[Exercise details]:
From the first line of the listing, copy each line exactly until you have included the line with "Japanese Kunizakari Black"; leave out the pictures.

[Data segment]:
──────

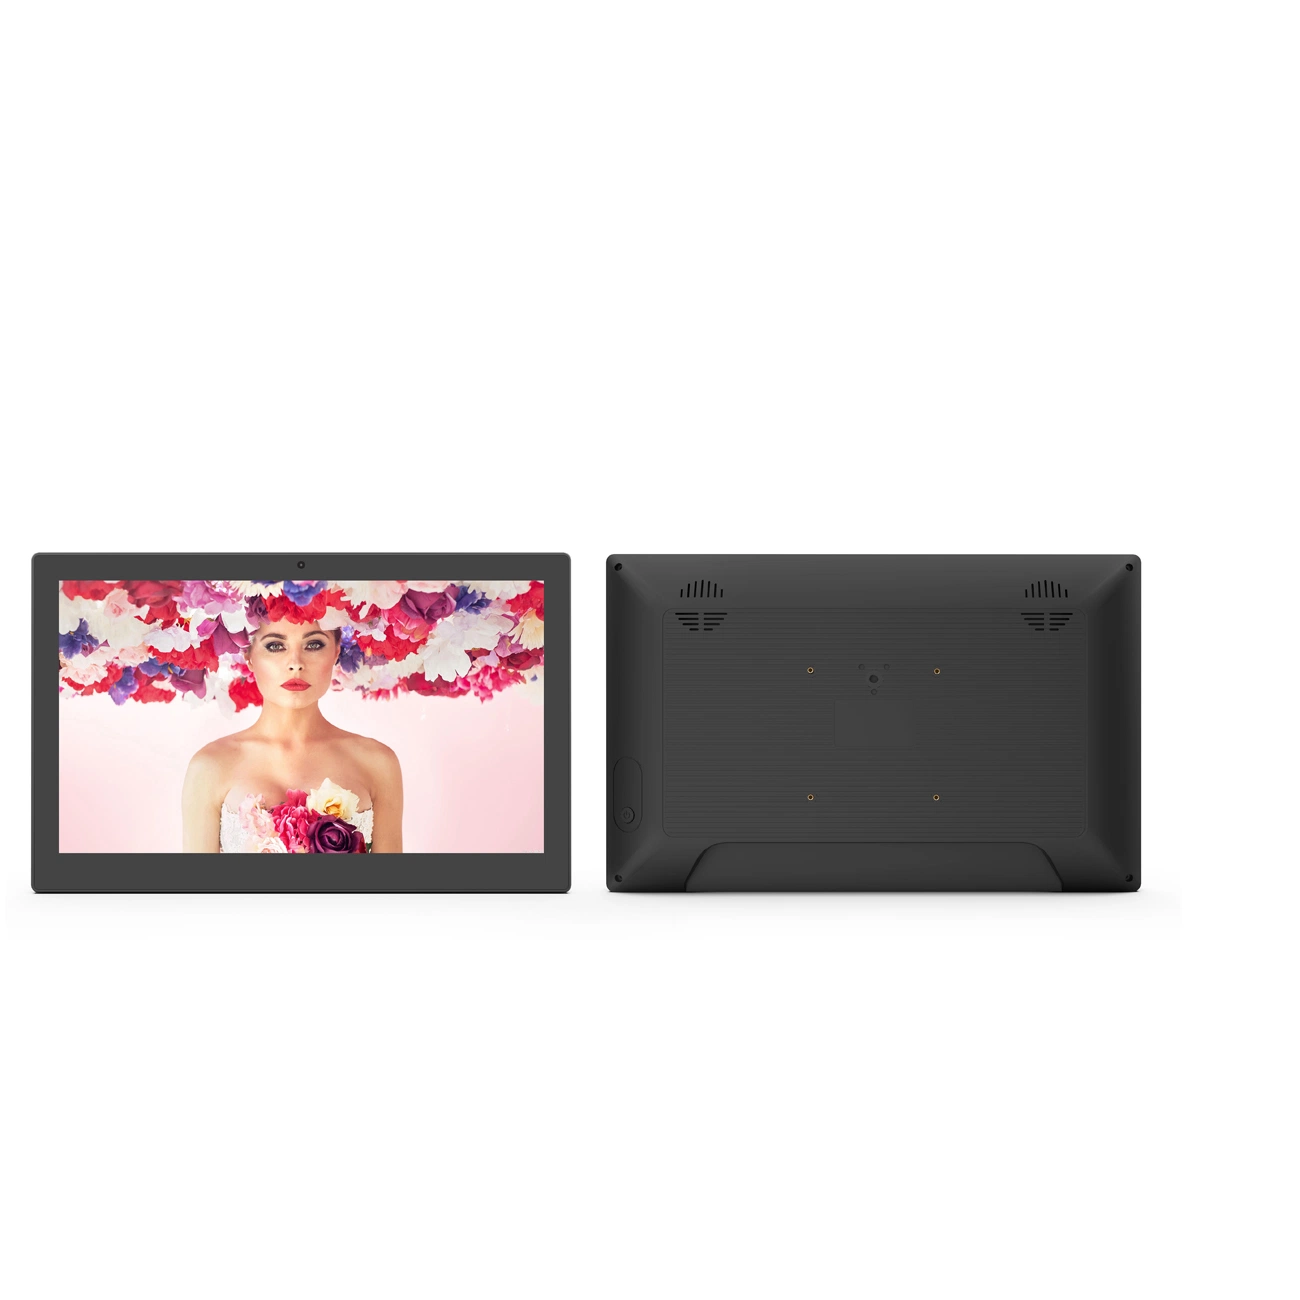 Großhandel 13,3/15,6 Zoll Wand montiert kapazitive Touchscreen WiFi RJ45 LCD-Panel USB SD-Karte für den Innenbereich NFC Digital Signage Commercial LCD-Touchscreen
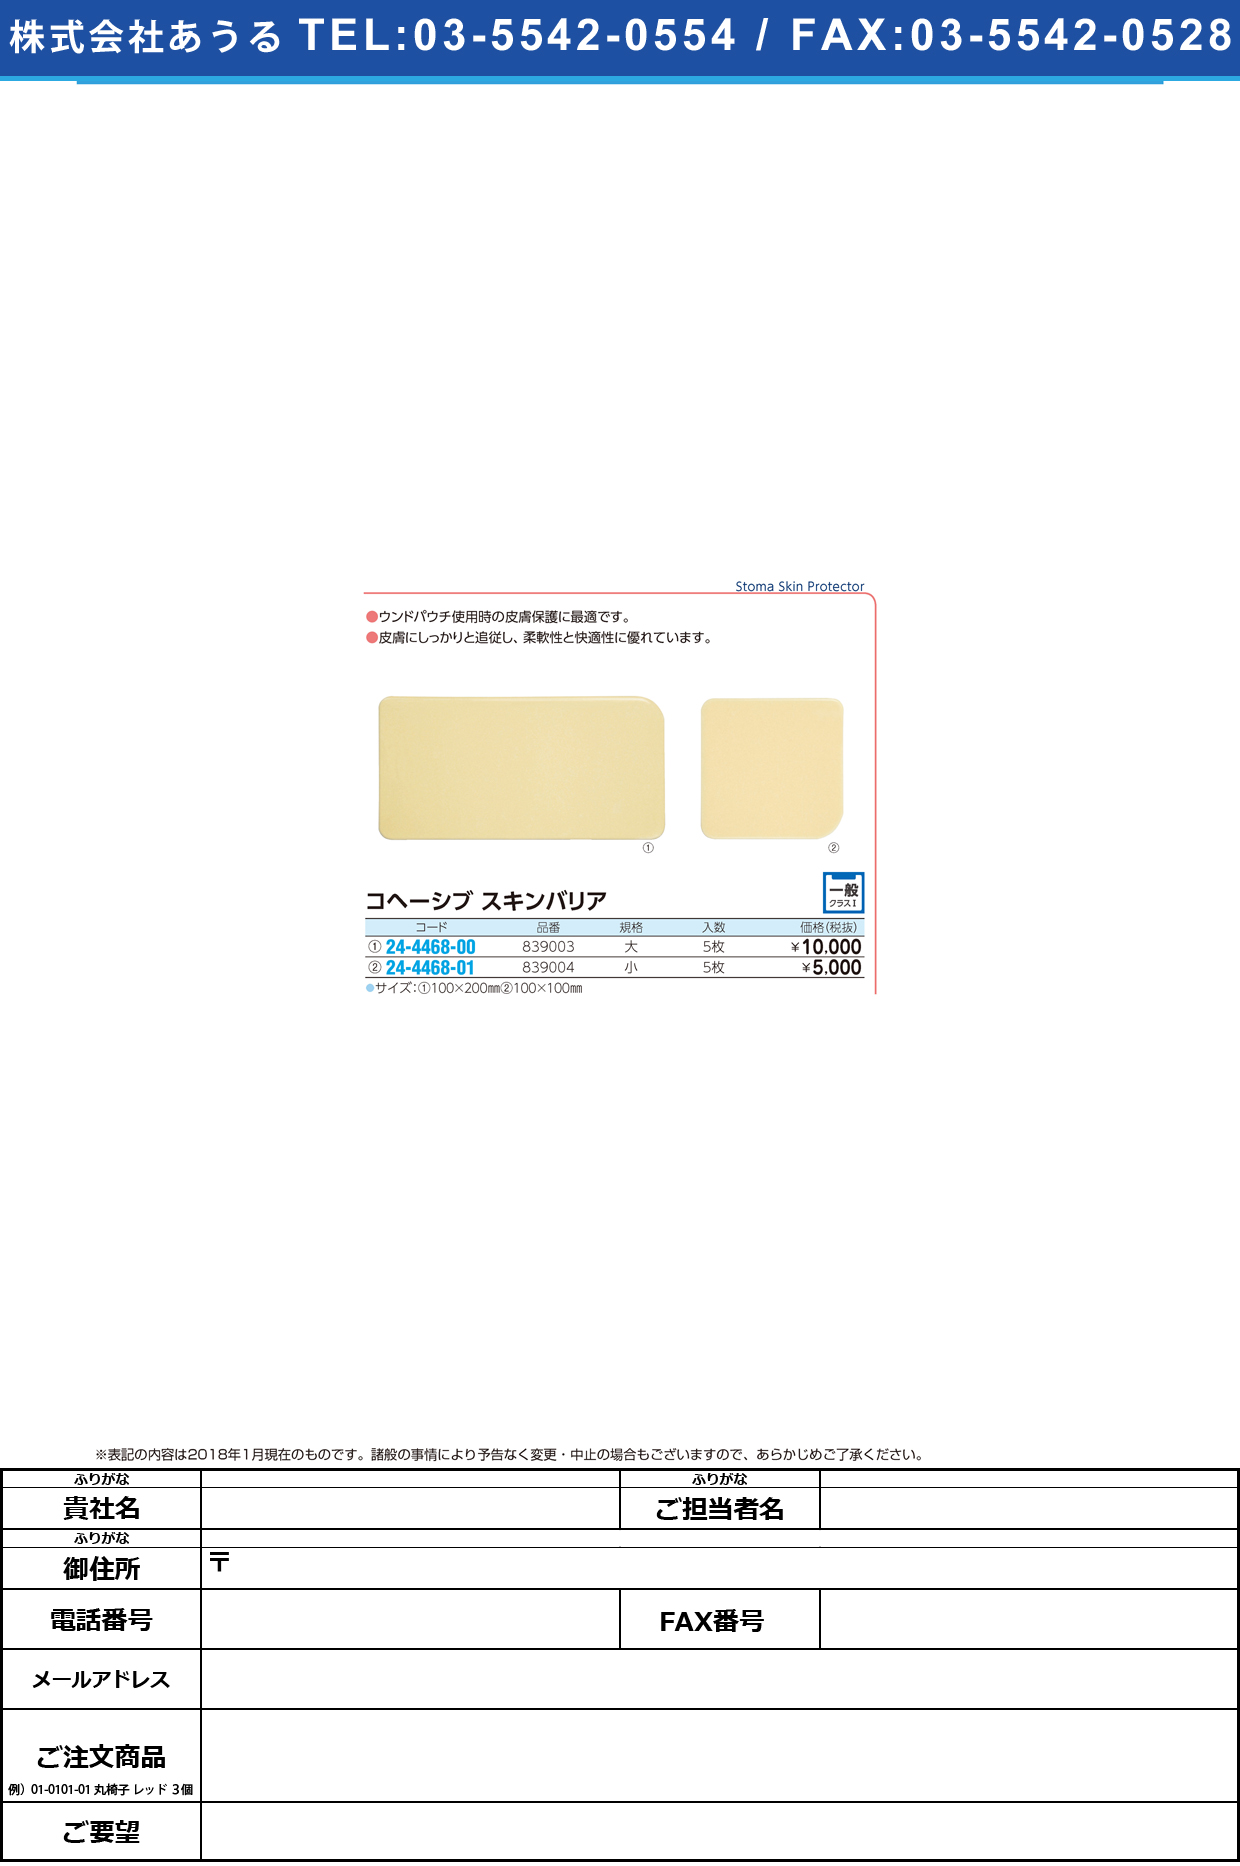 (24-4468-01)コヘーシブスキンバリア 839004(ｼｮｳ)5ﾏｲ ｺﾍｰｼﾌﾞｽｷﾝﾊﾞﾘｱ【1箱単位】【2019年カタログ商品】
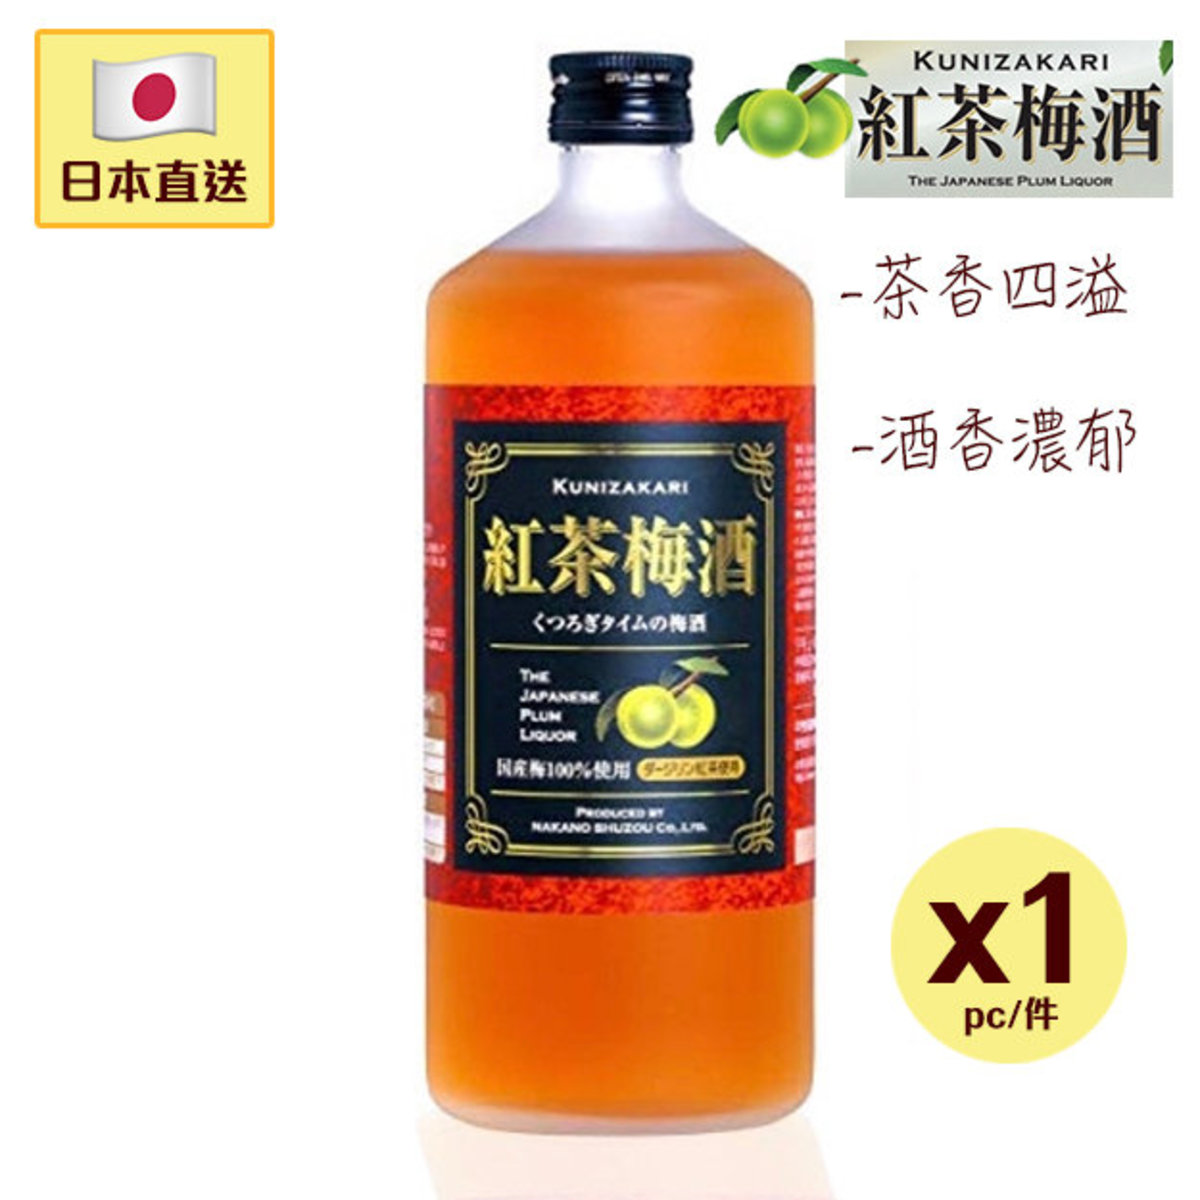 Japanese Kunizakari Black Tea Plum Wine 720ml (1 pc) NAKANO Nakano Sake Brewing/日本Kunizakari紅茶梅酒 720ml (1件) 
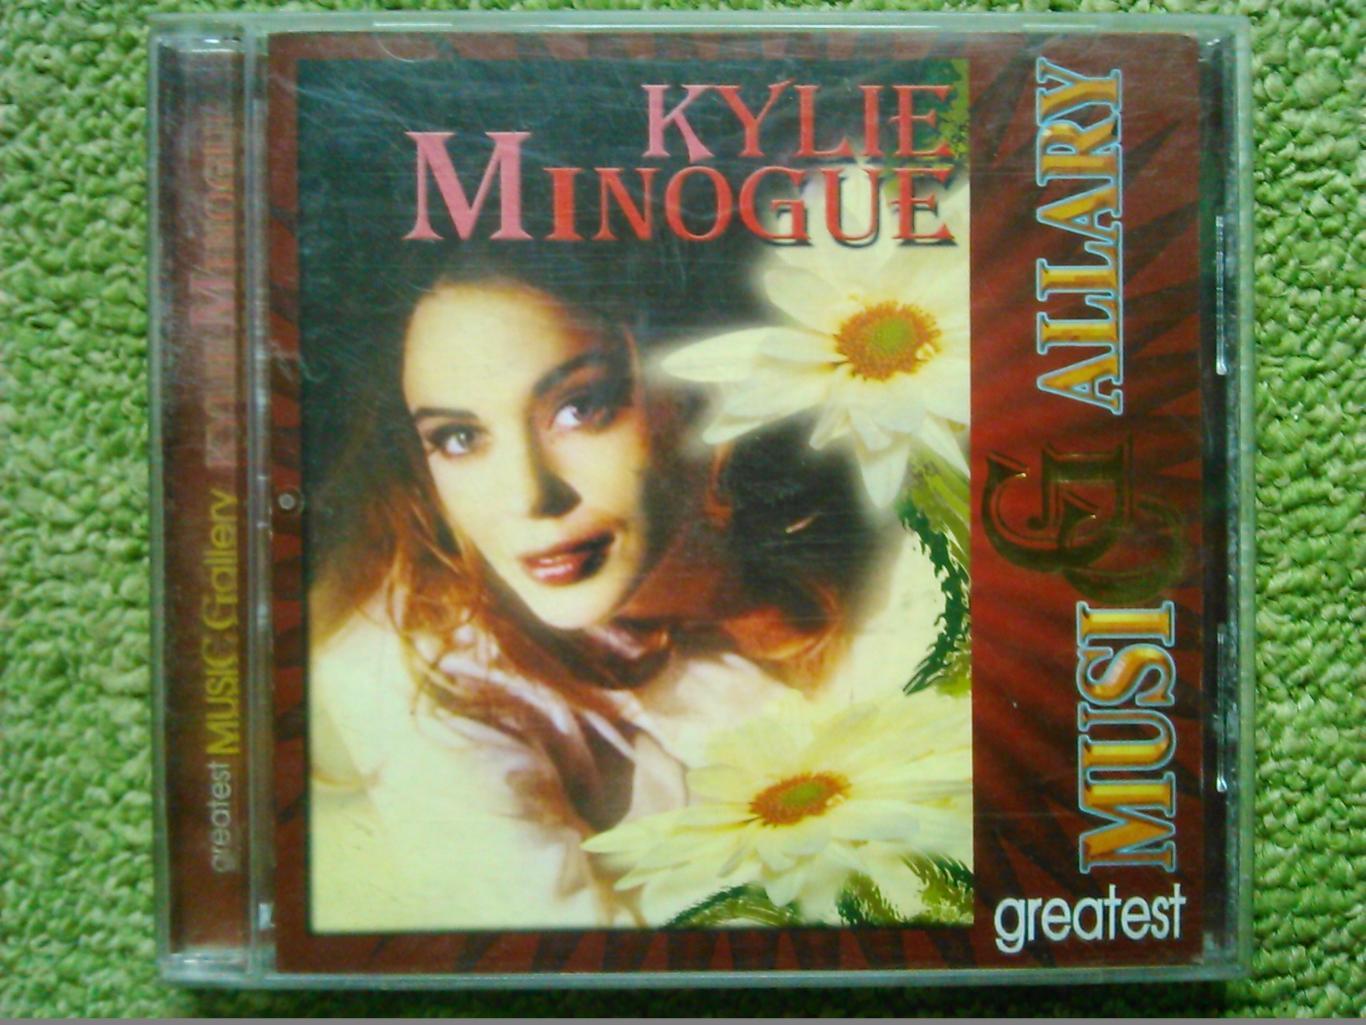 Audio CD Kylie MINOGUE. Оптом скидки до 49%!

──────

[Task solution]:
 Großhandel 13,3/15,6 Zoll Wand montiert kapazitive Touchscreen WiFi RJ45 LCD-Panel USB SD-Karte für den Innenbereich NFC Digital Signage Commercial LCD-Touchscreen
 (24-4468-01)コヘーシブスキンバリア 839004(ｼｮｳ)5ﾏｲ ｺﾍｰｼﾌﾞｽｷﾝﾊﾞﾘｱ【1箱単位】【2019年カタログ商品】
 Japanese Kunizakari Black Tea Plum Wine 720ml (1 pc) NAKANO Nakano Sake Brewing/日本Kunizakari紅茶梅酒 720ml (1件) 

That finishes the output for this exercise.